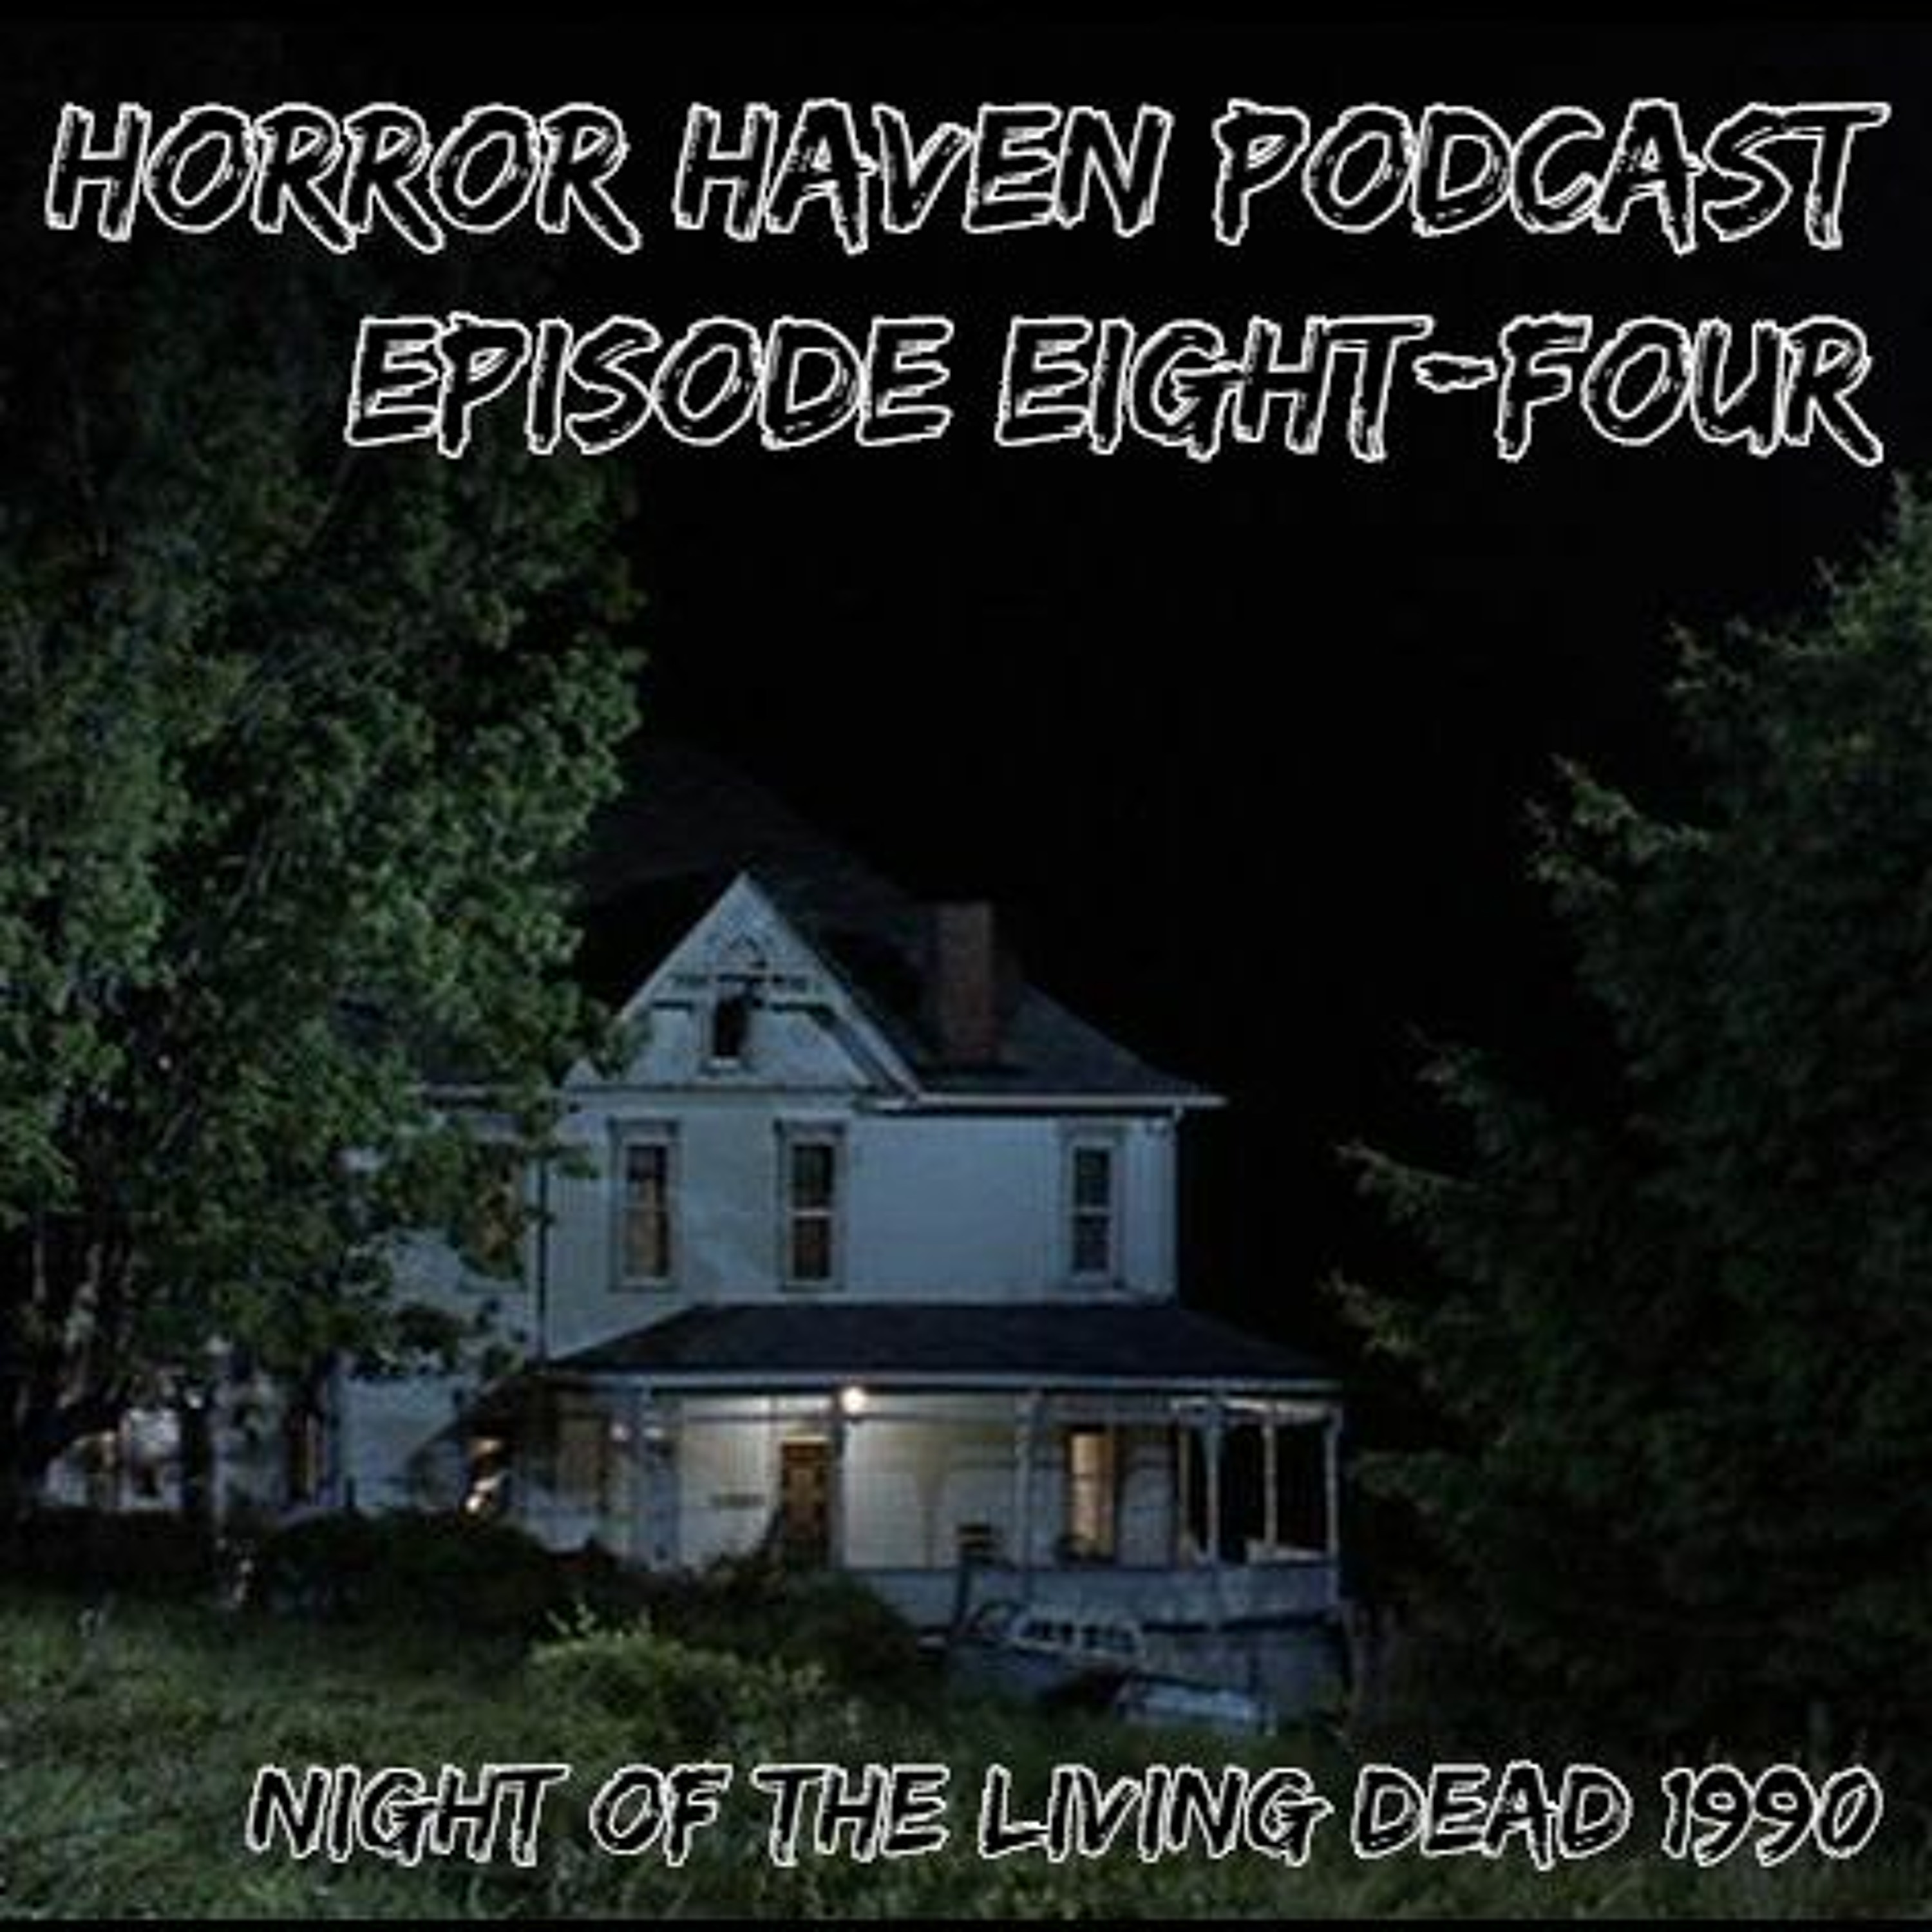 Episode Eighty-Four:  Night of the Living Dead (1990)
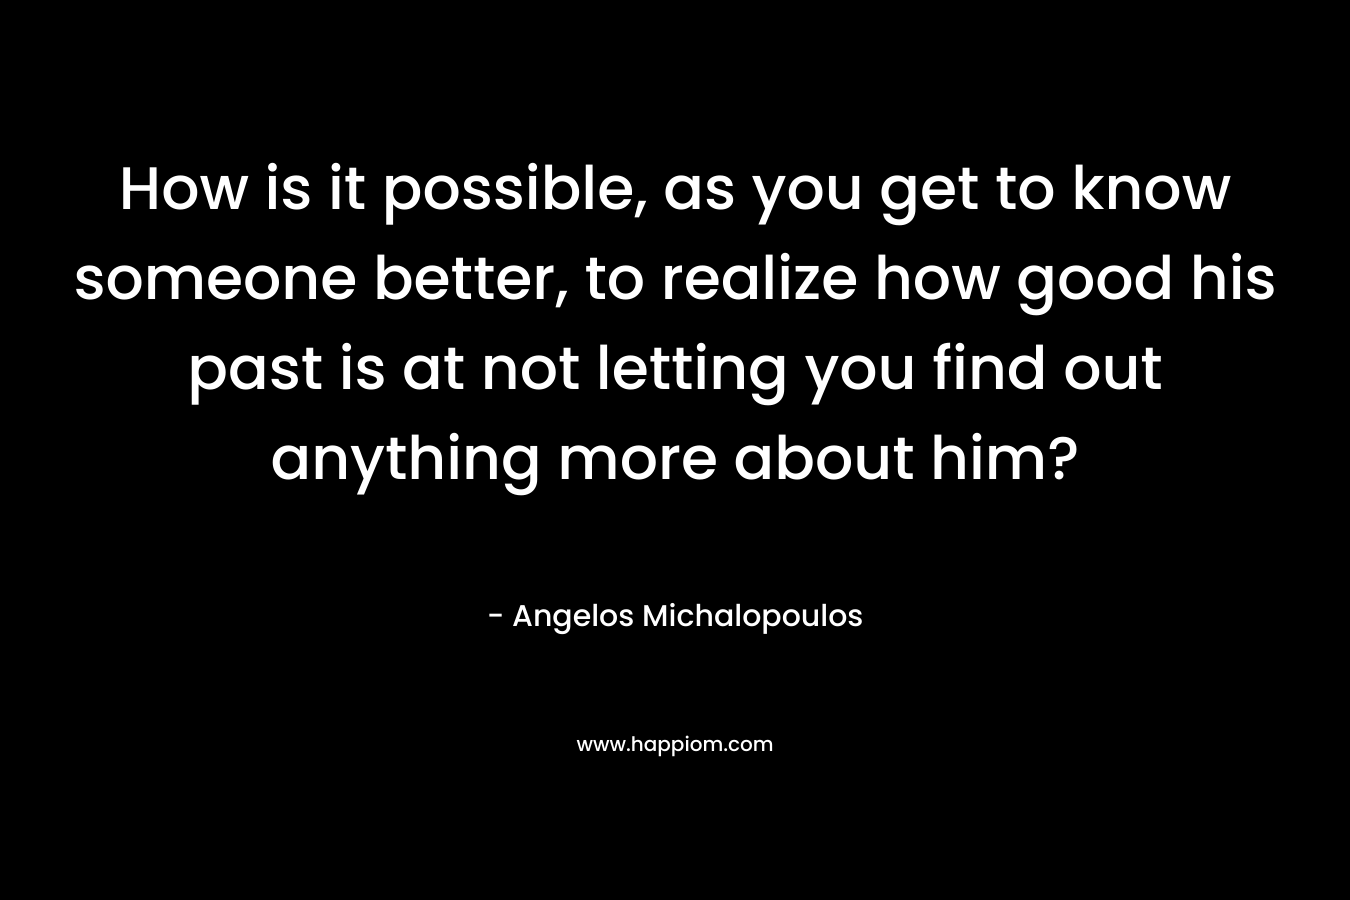 How is it possible, as you get to know someone better, to realize how good his past is at not letting you find out anything more about him?
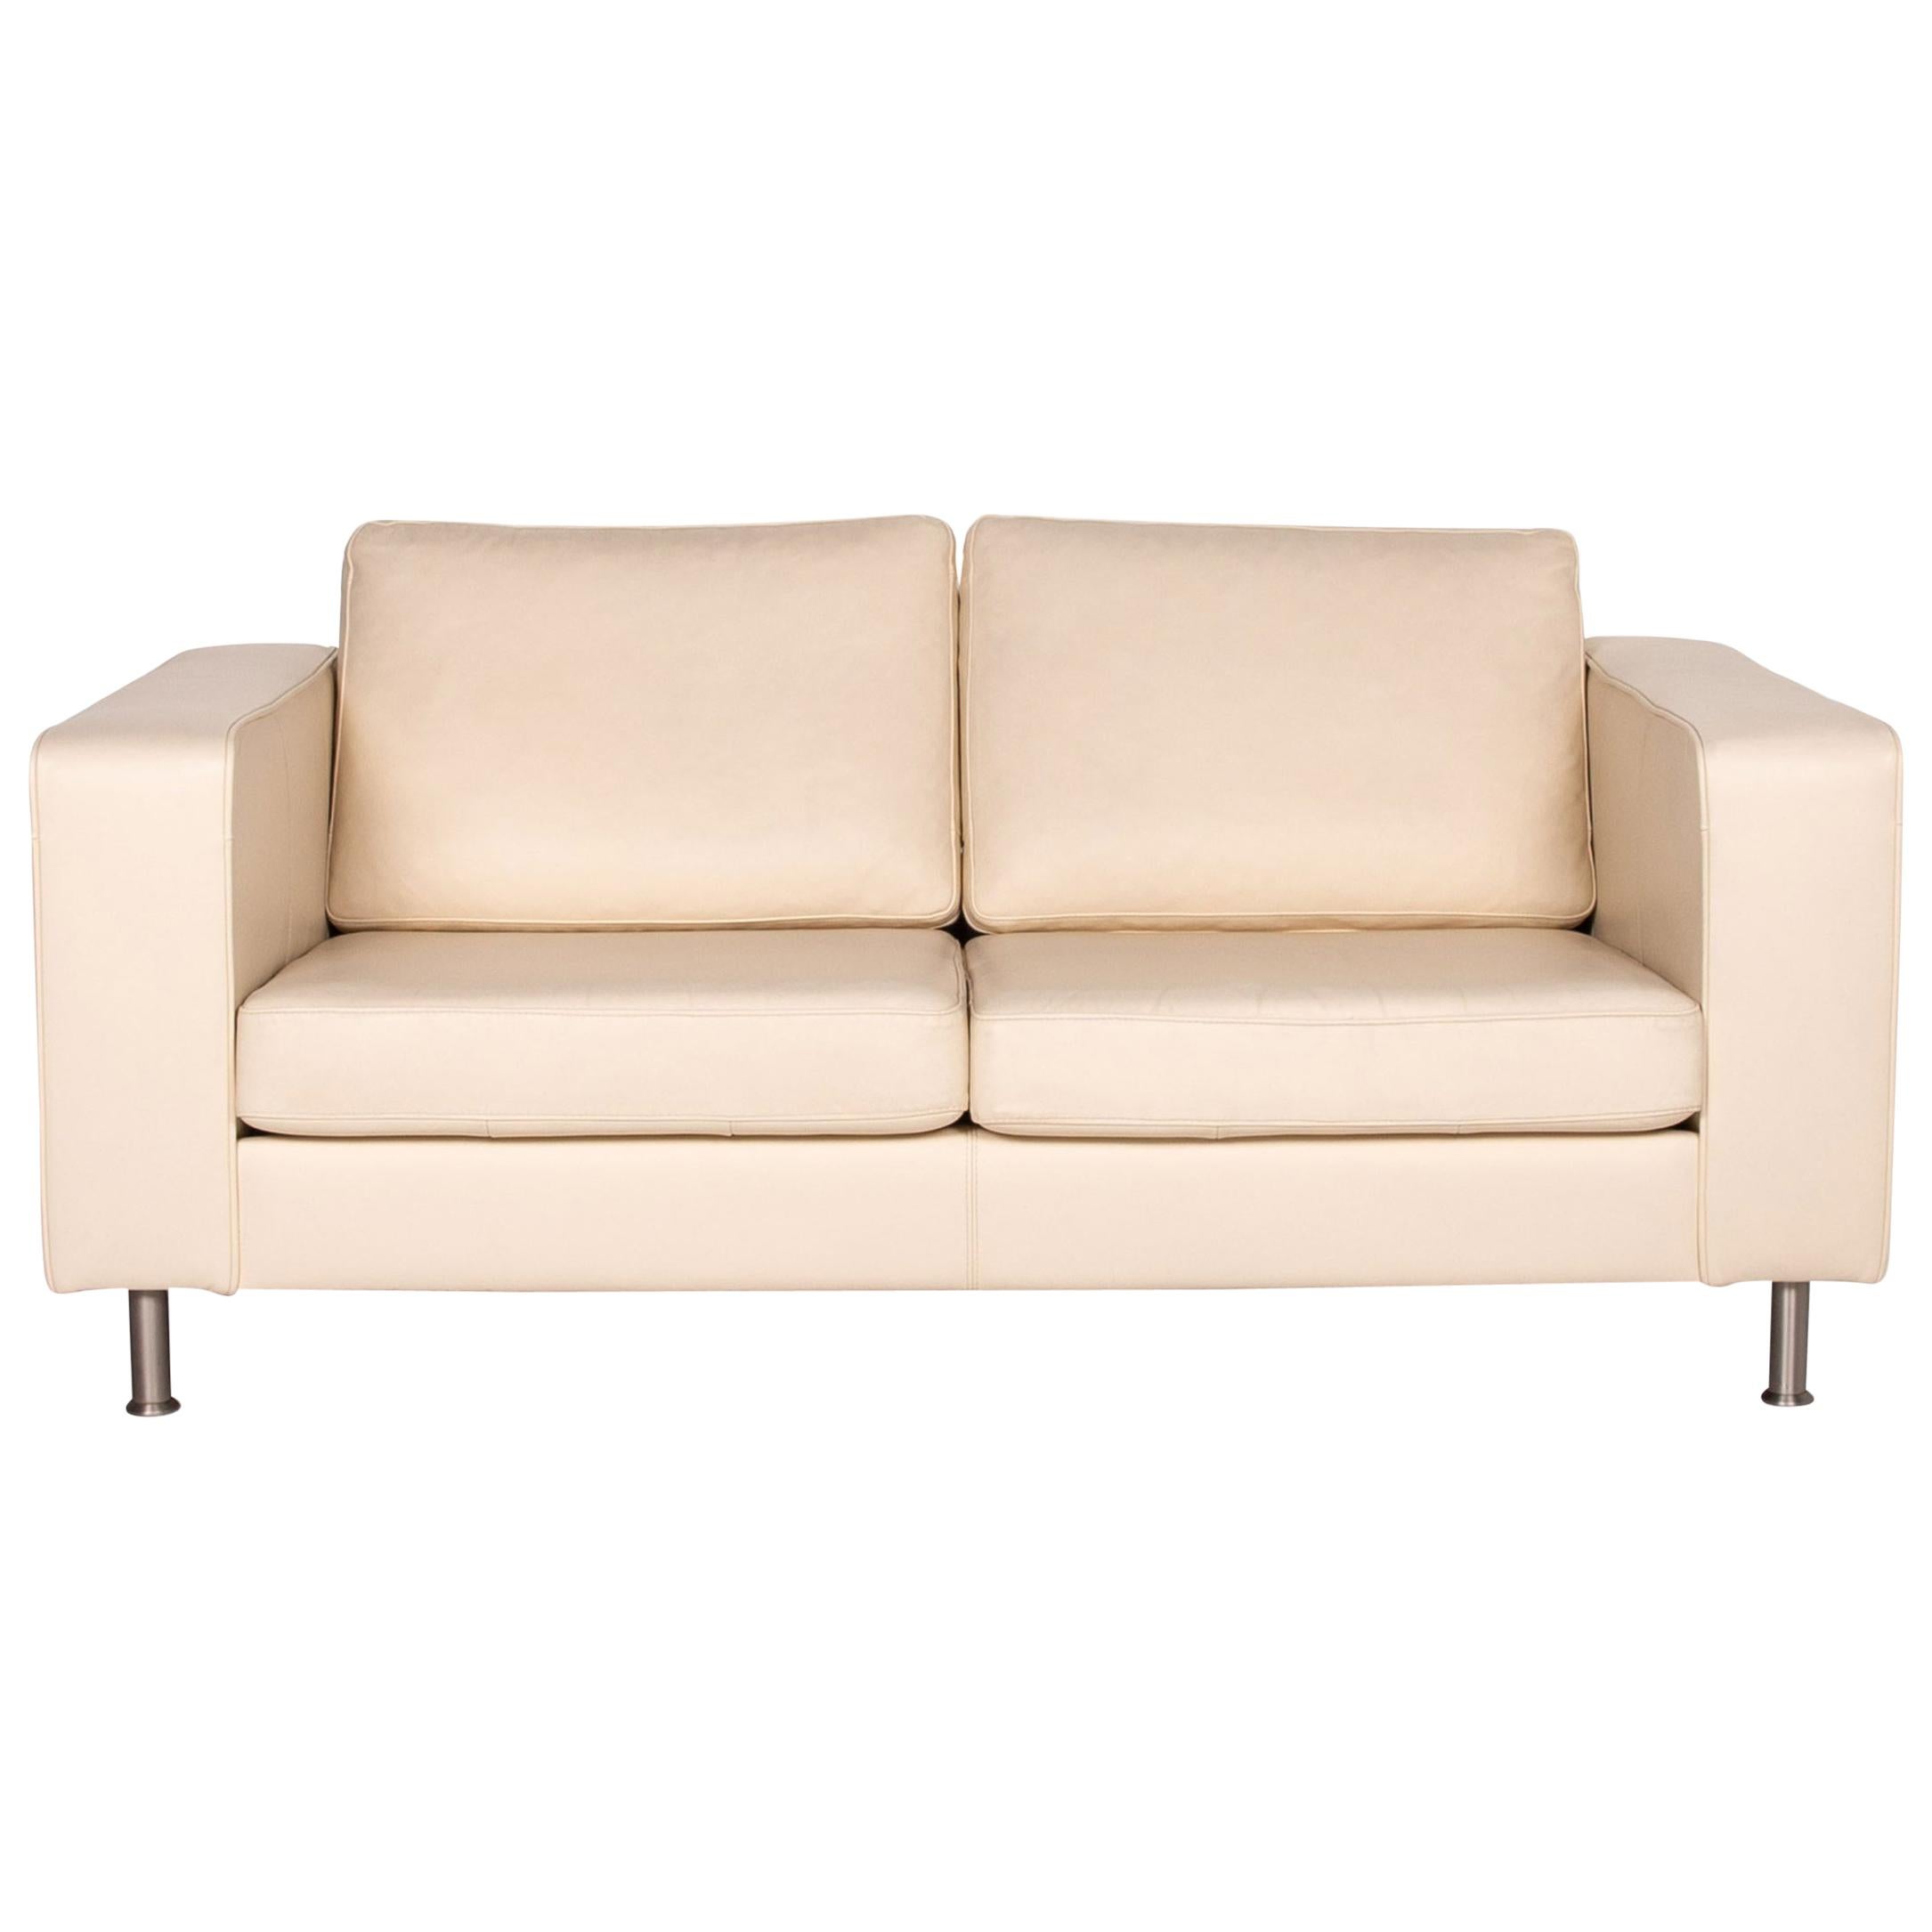 BoConcept Leather Sofa Cream Two-Seat Couch For Sale

> [Task details]
Write out the data above precisely. Pictures stay out.

> [Result for this exercise]
 Episode Eighty-Four:  Night of the Living Dead (1990)
 How is it possible, as you get to know someone better, to realize how good his past is at not letting you find out anything more about him?
 BoConcept Leather Sofa Cream Two-Seat Couch For Sale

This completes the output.